We packed my bag and headed for the hospital----the Ascot. Remember I have to pay for this (with a little help from my insurance) because the free public system says I am too old but don’t accept that by doing it they would save much more money down the line with the complications of a ‘fattening’ New Zealand population.

We arrived early, a mistake on my part. Actually they didn’t mind as they had to put me through quite a lot of questions and kept getting interrupted. I changed into a backwards facing blue gown (see the pictures) and was placed in a very comfortable bed with lots of warm bubbly stuff over me with pulsating wrappers on my legs. I relaxed into the procedure and the surgeon and anaesthetist came to see me (I think?) From the point that he put a needle into me----it all happened and I woke up in a recovery ward.

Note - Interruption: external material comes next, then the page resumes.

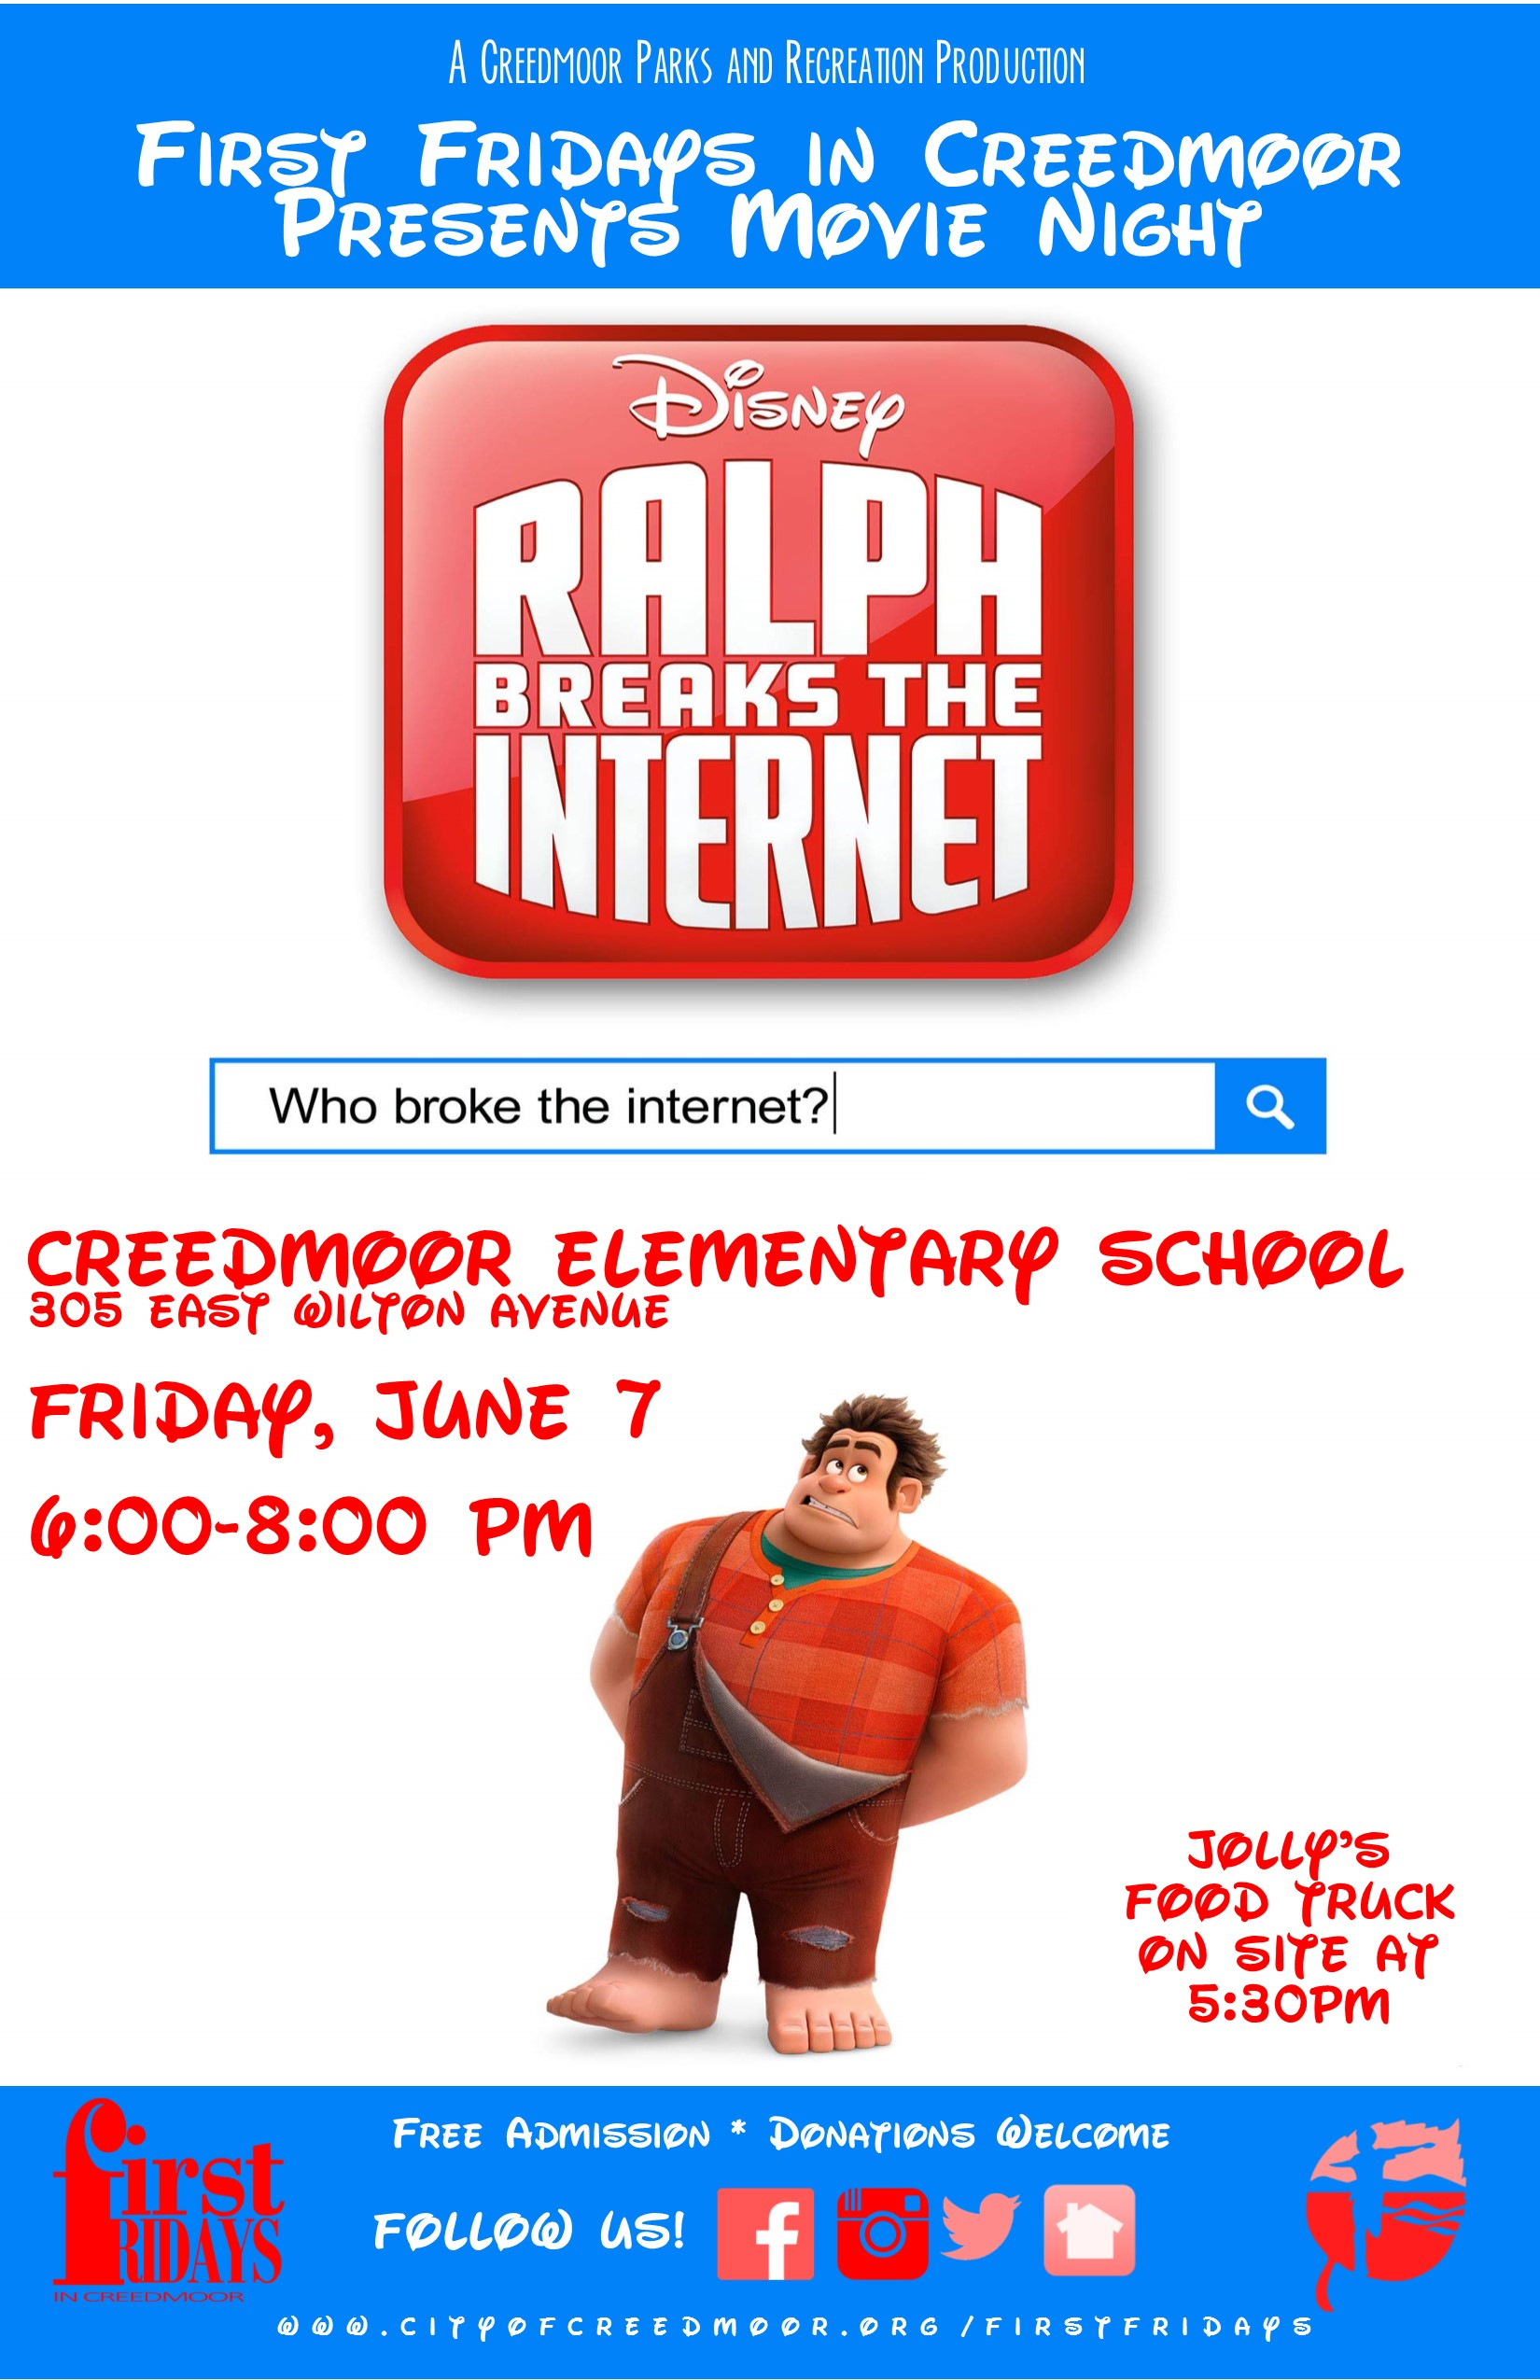 First Fridays in Creedmoor // Movie Night at Creedmoor

I remember vaguely calling someone ‘Vladimir’ and asking to stay there because the people looked nice and friendly. God knows what else I said, but the nurses who took me to my nice little private room overlooking the racecourse had some wry smiles on their faces. They said I had asked why Perdy couldn’t stay with me.

I was visited by the surgeon once I had settled onto my bed in the room and he told me that everything went well and that I did not have a hiatus hernia. From then on for the next 36 hours it was all about getting me ready to leave. The nurses were lovely and yes, I did have my favourites. I was encouraged to get onto my feet almost immediately so I made it a habit to wander around the floor, regularly getting lost and needing direction back to my lovely room.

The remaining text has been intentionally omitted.